The manifest problem with this option is that law firms are dreadful at coordination; they’re notoriously poor at pulling it off internally even when, an objective observer might assume, everyone’s interests are aligned.  That innocent outsider would quickly learn that their assumption (collaboration works best) won’t survive an encounter with an amazing proportion of law firm partners.

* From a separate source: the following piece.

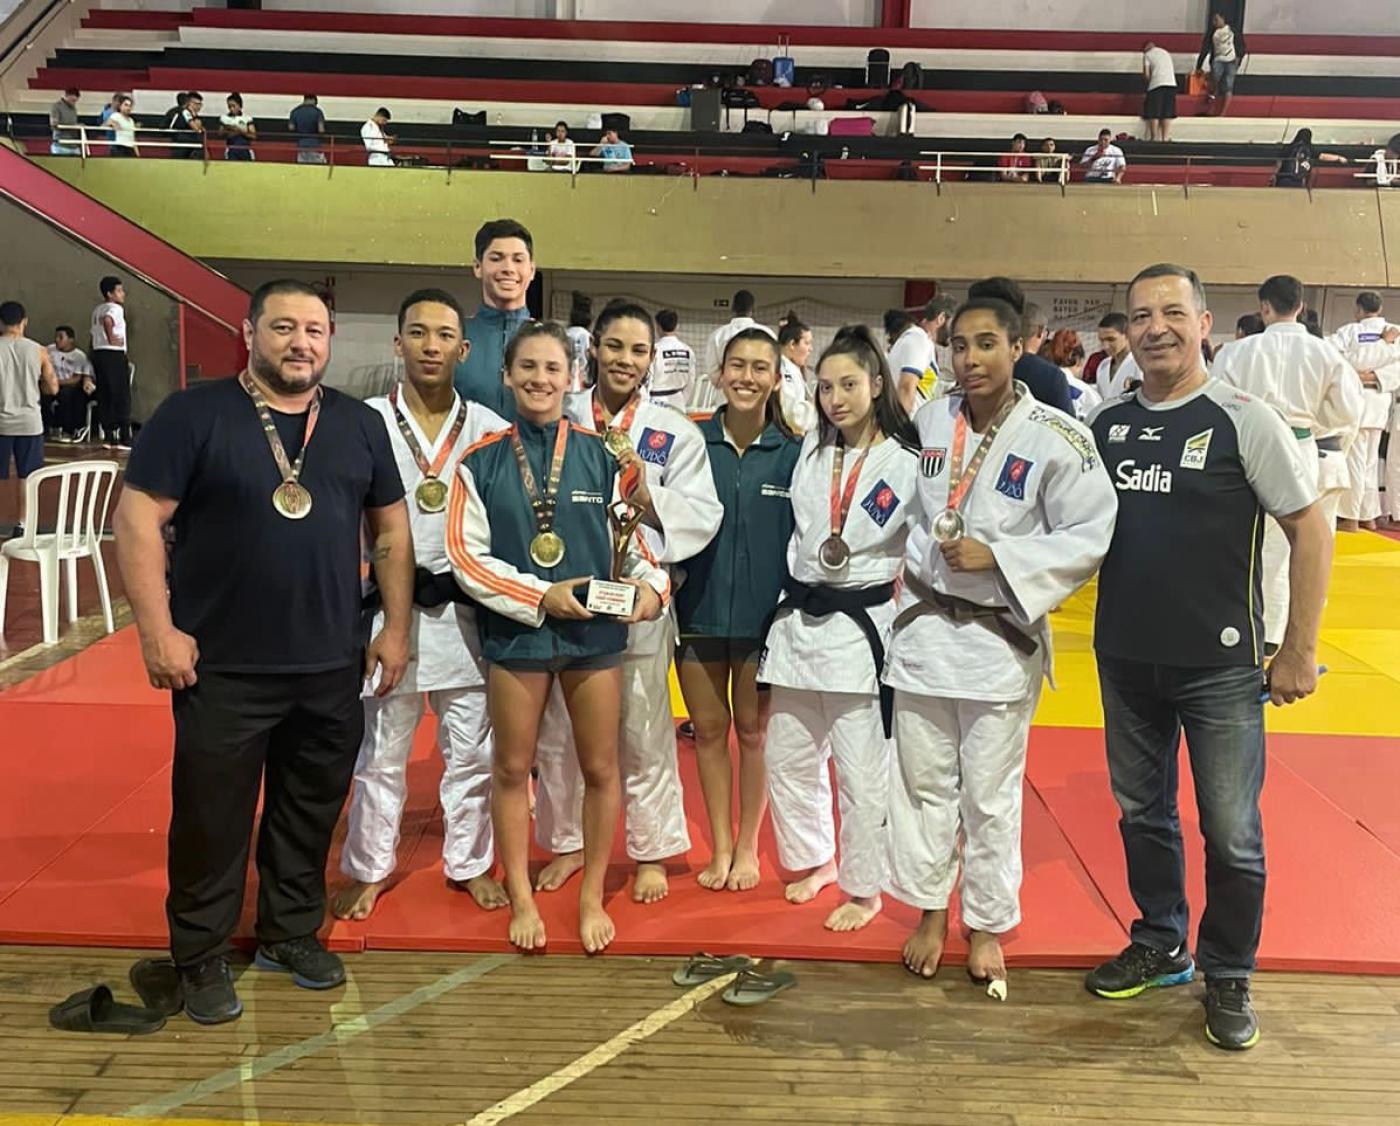 judocas com medalha em cima do tatame #paratodosverem

Alternatively, maybe you could tell your clients that you’ll take care of all the routine due diligence, e-discovery, etc. (“don’t worry about a thing”), by outsourcing it to a capable NewLaw provider but that your firm will stake its reputation on the results and stand behind the quality overall.  This sounds more promising, but if you’re going to do it routinely and well you have to hire highly accomplished business professionals who can actually evaluate various NewLaw offerings, diagnosis their strengths and weaknesses, and install a layer of fit-for-purpose  Q.C. (quality control) on top of their work product.  And you’re going to have to pay these business professionals very very well and defer utterly to their judgment: No second-guessing by partners.

Does that sound like an equilibrium steady state for a law firm?

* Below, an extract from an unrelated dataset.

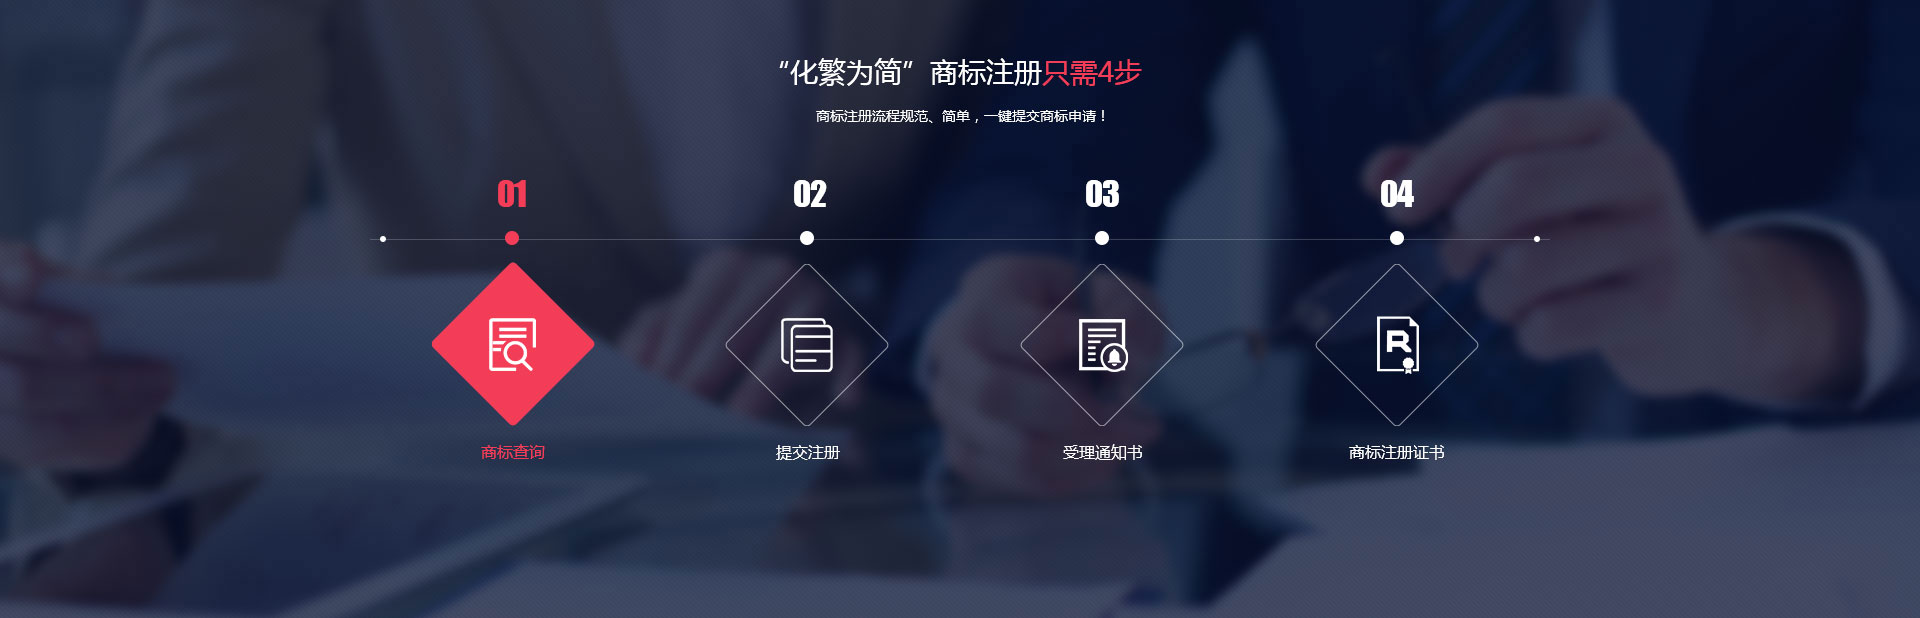 k8凯发官方网站官方网站 - 登录入口_产品7296

Let me end by venturing to put this in a larger context.  A slow-rolling but accelerating revolution has been taking place under our noses since the global economy emerged from the Great Meltdown of 2008, with clients increasingly calling the shots on the terms of buying legal services.  That’s so commonplace as to border on trite.  But I’m suggesting something a bit more subtle and quite a bit more powerful.

No one in NewLaw, or the Big Four, talks about the “practice” of law, and it’s not because they’re dancing around so-called “ethical” walls. What they talk about is “legal service delivery,” of which the actual hard-core component of activities narrowly confined to licensed attorneys is all but a vanishing fraction.  In the Skins marketplace, clients don’t want and aren’t buying legal expertise (another phrase you never hear NewLaw or the Big Four  utter); they’re buying legal services, which is the output that results when several functions intimately familiar to MBAs but far less so to JDs come together: Scale, financial and human capital, process optimization excellence, and a sprinkling of domain  knowledge, all of it resting on an integrated technology platform and all of it designed to learn from defects and continuously improve the process.

Except for the elite firms–The Shirts–lawyers have lost control over what “the practice of law” means and clients have lost interest in buying it.  Clients want efficiently delivered “legal services” at scale, on demand, with price certainty and consummate quality.  That’s the competitive field the Skins firms are increasingly playing on.